**Problem details**
Without including any pictures, reproduce the full listing exactly.

══ Stored data

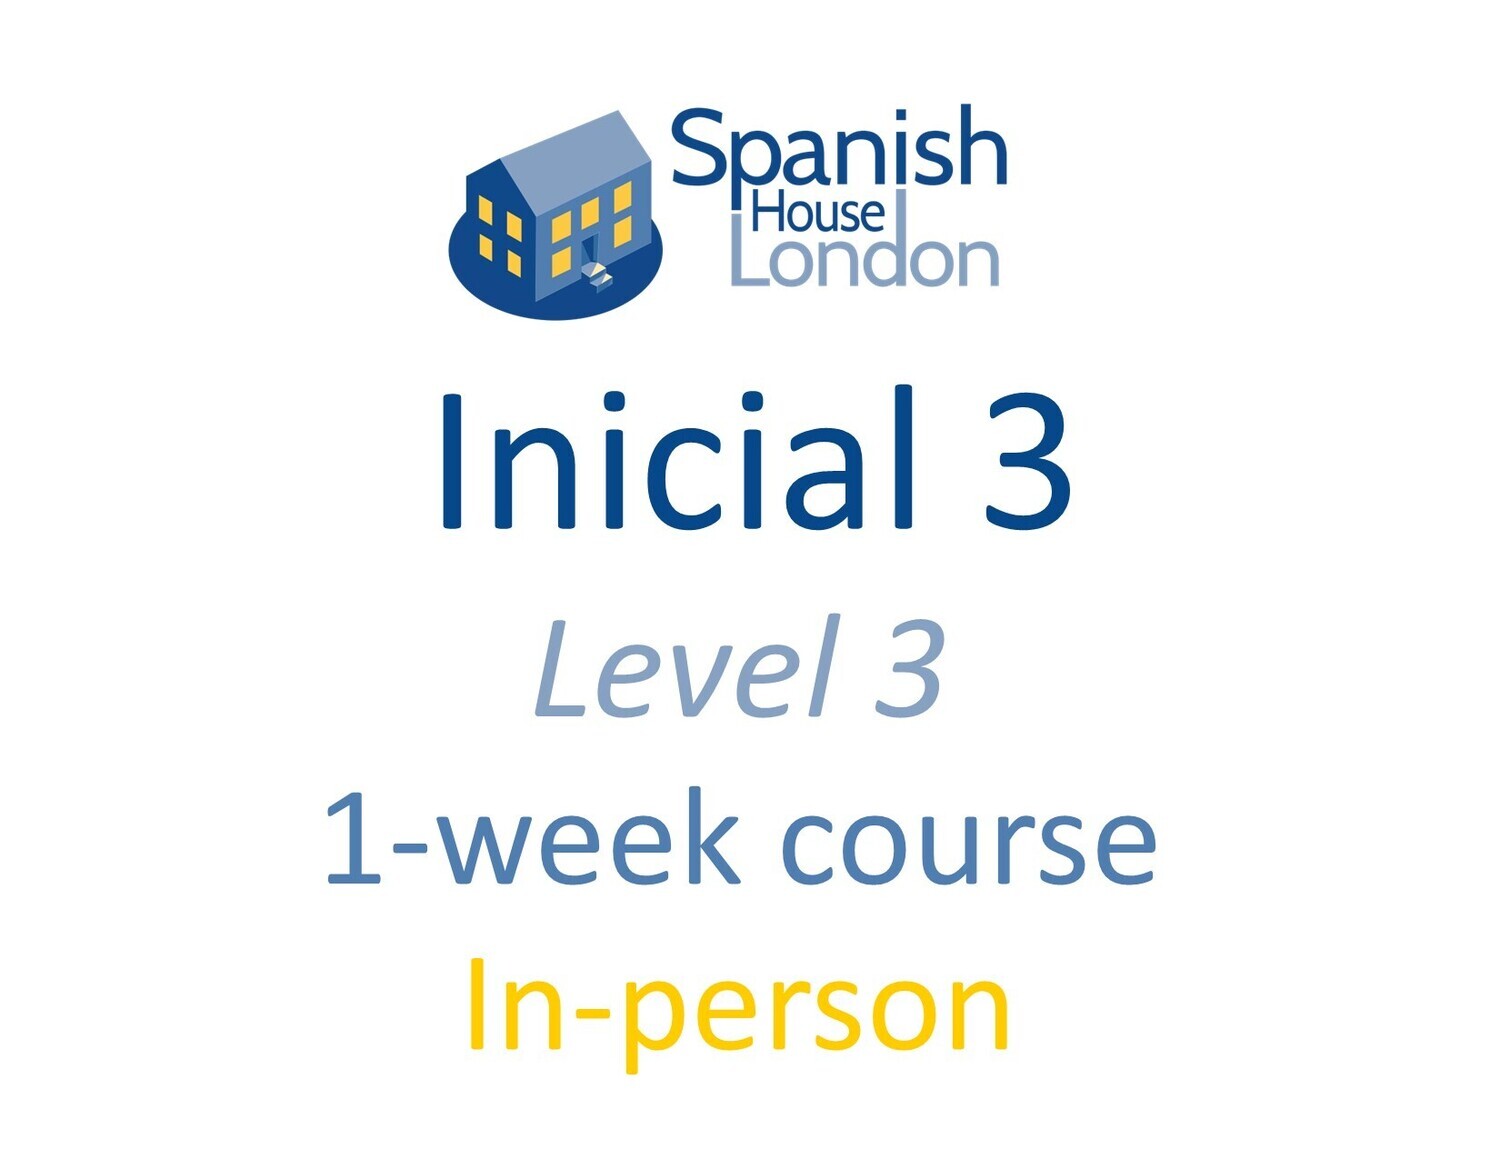 One-Week Intensive Inicial 3 Course starting on 11th March at 10.30am in Clapham North
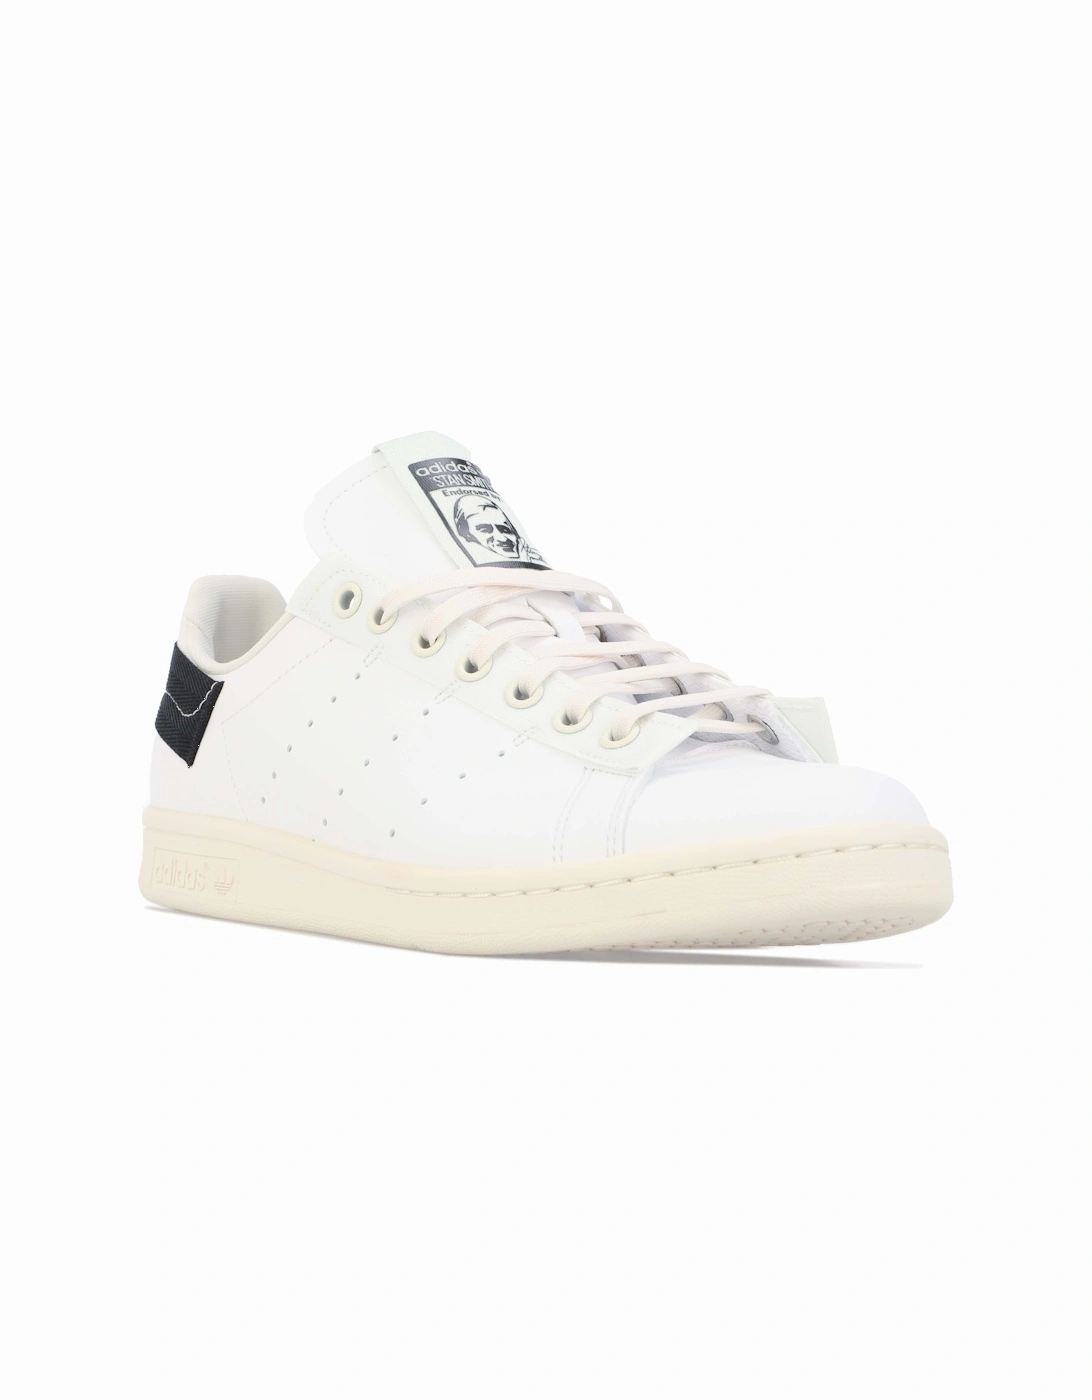 Men's Mens Stan Smith Parley Trainers - White - Size: 6
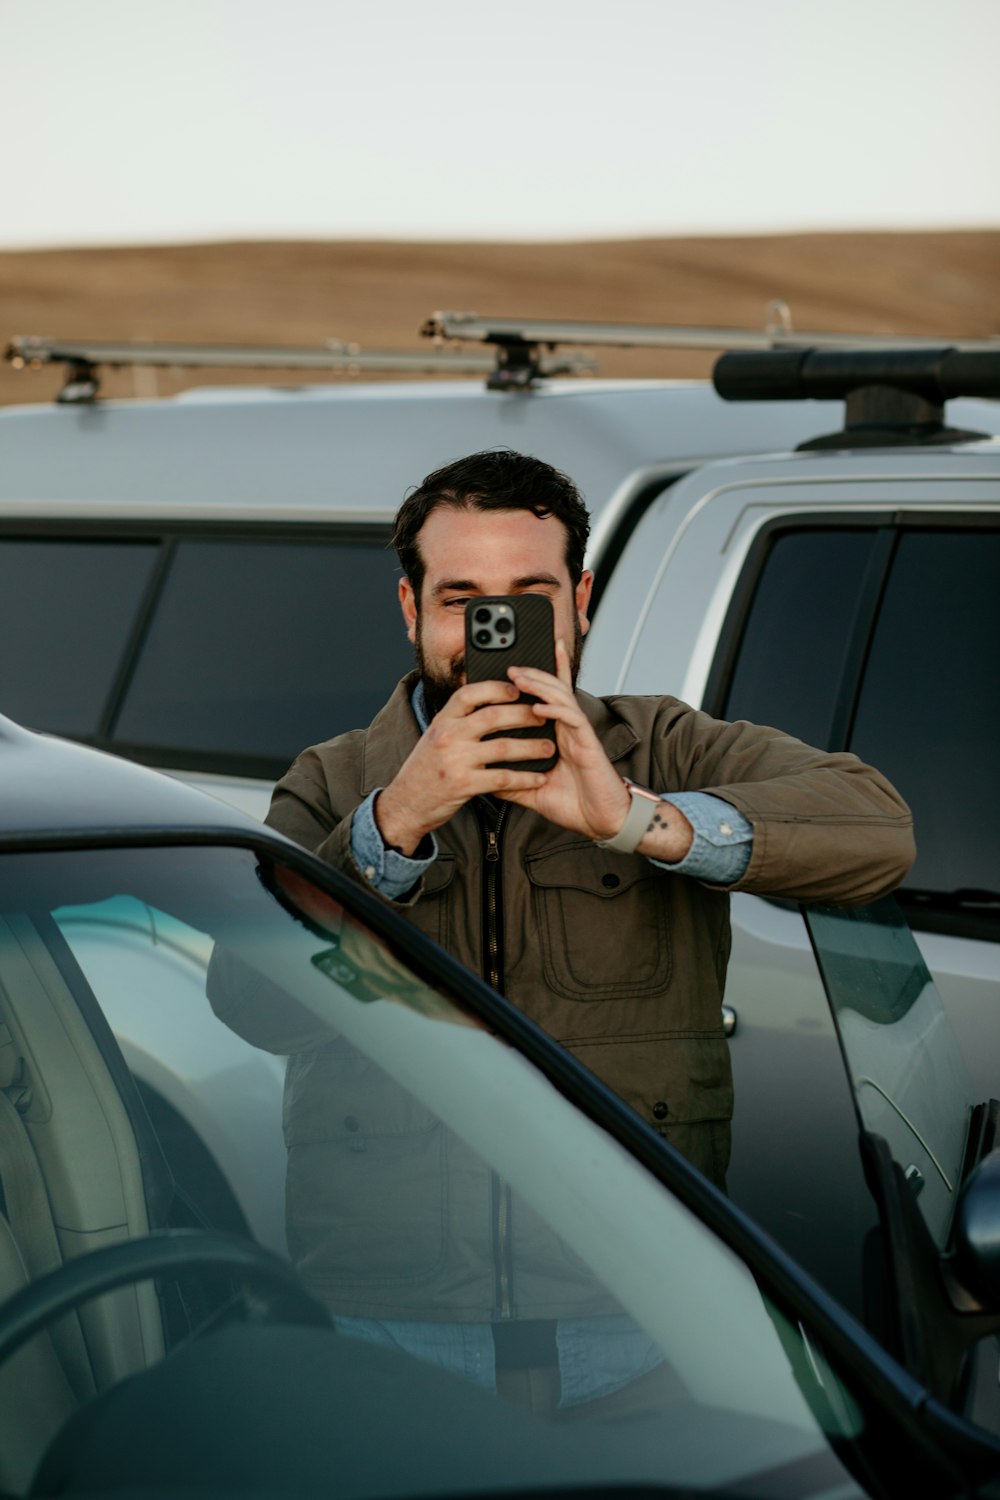 a man taking a picture of himself in a car
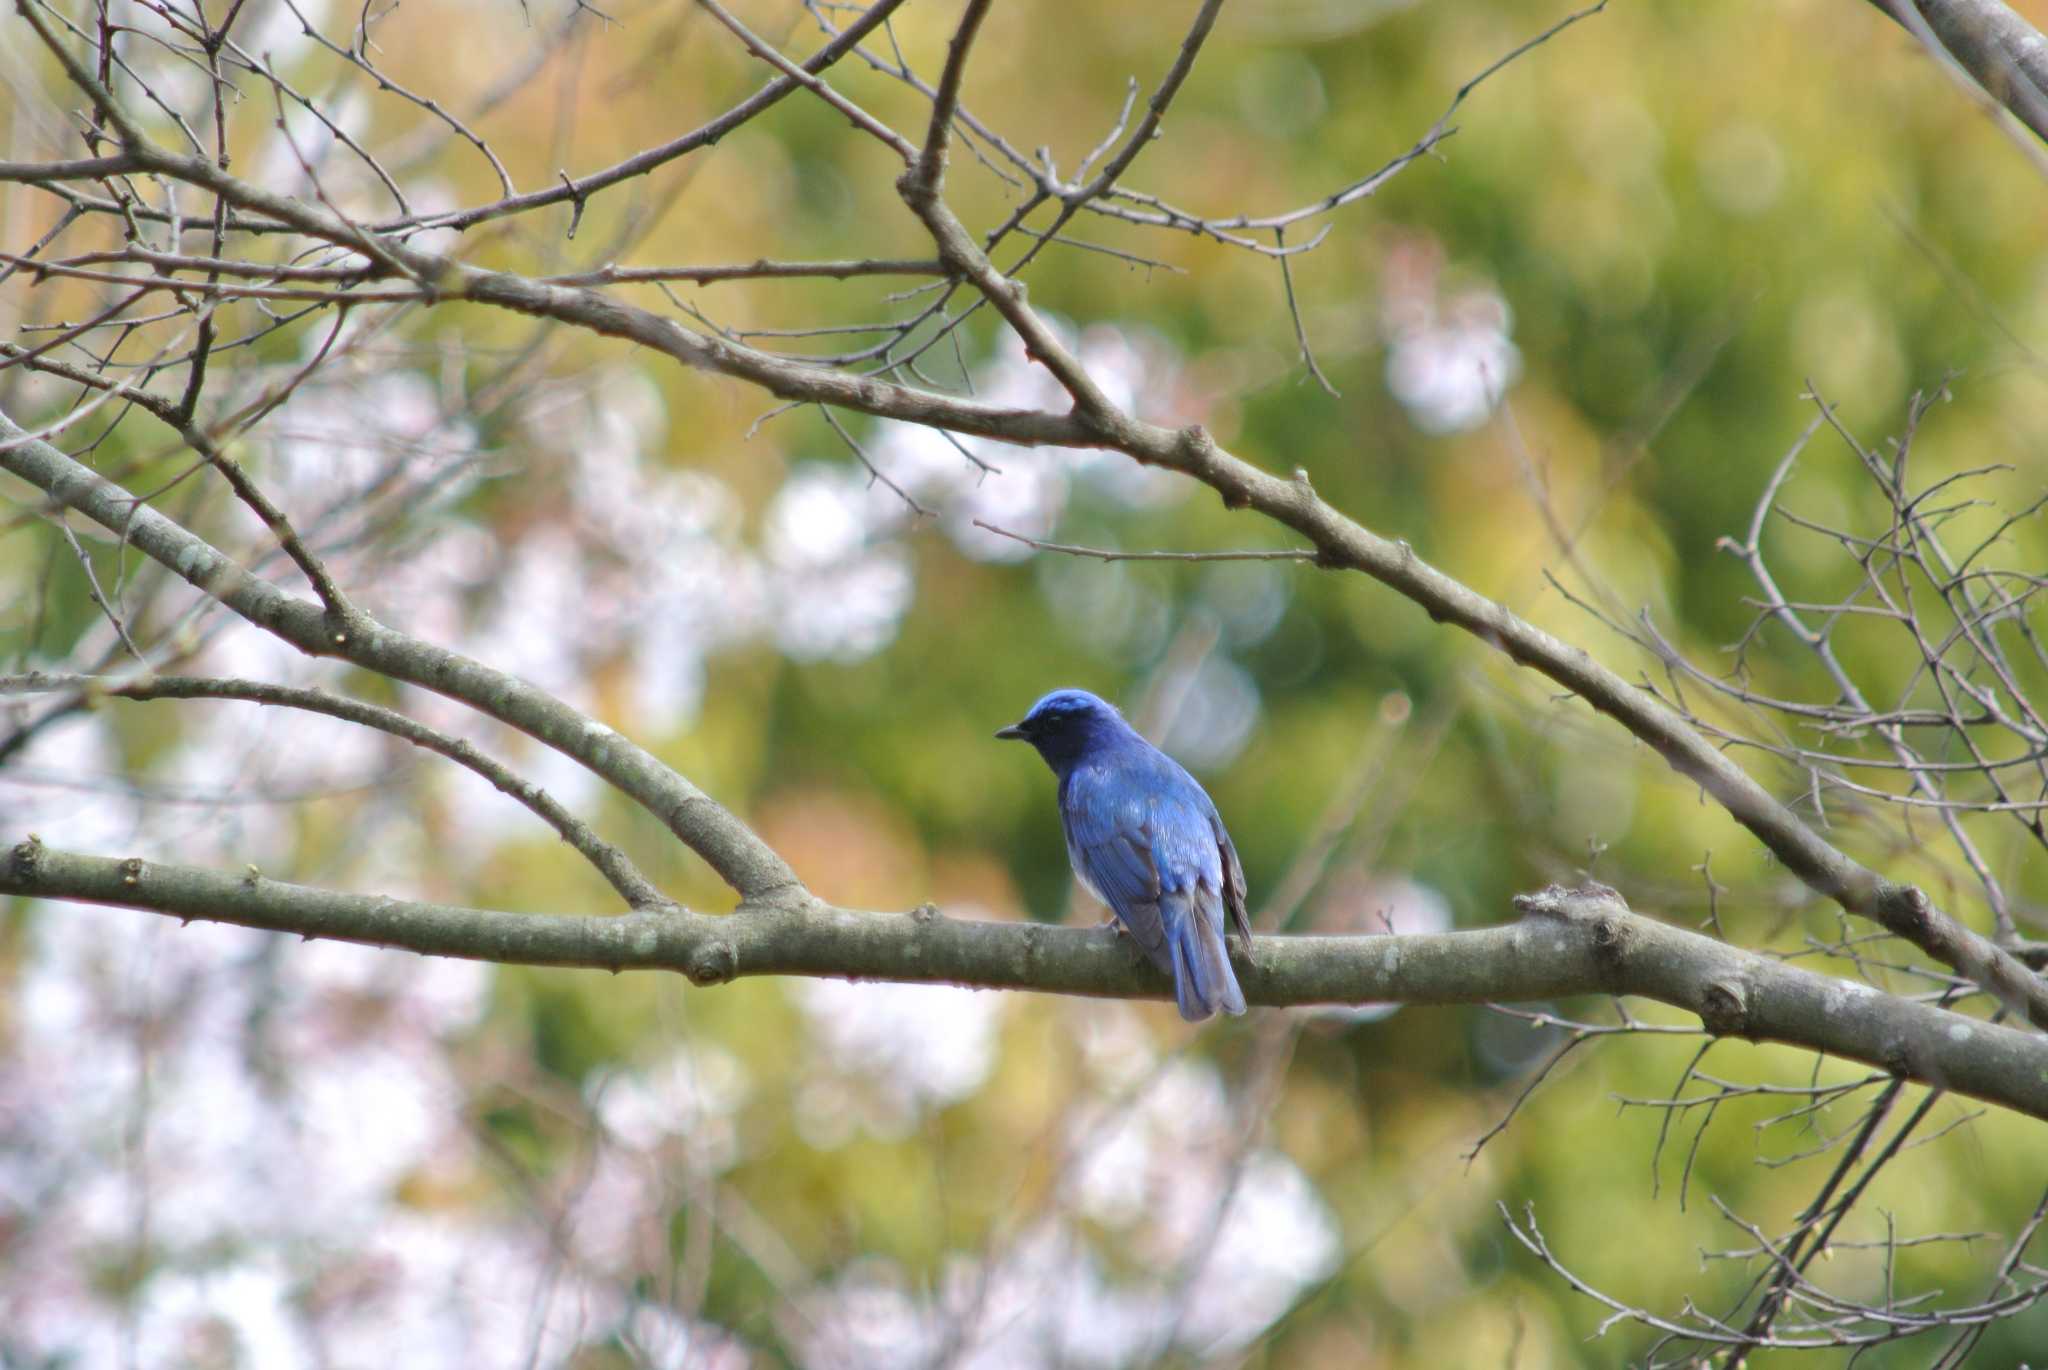 Photo of Blue-and-white Flycatcher at 南港野鳥園 by Daguchan

════

**Task response**
 One-Week Intensive Inicial 3 Course starting on 11th March at 10.30am in Clapham North
 Men's Mens Stan Smith Parley Trainers - White - Size: 6
 a man taking a picture of himself in a car
 Photo of Blue-and-white Flycatcher at 南港野鳥園 by Daguchan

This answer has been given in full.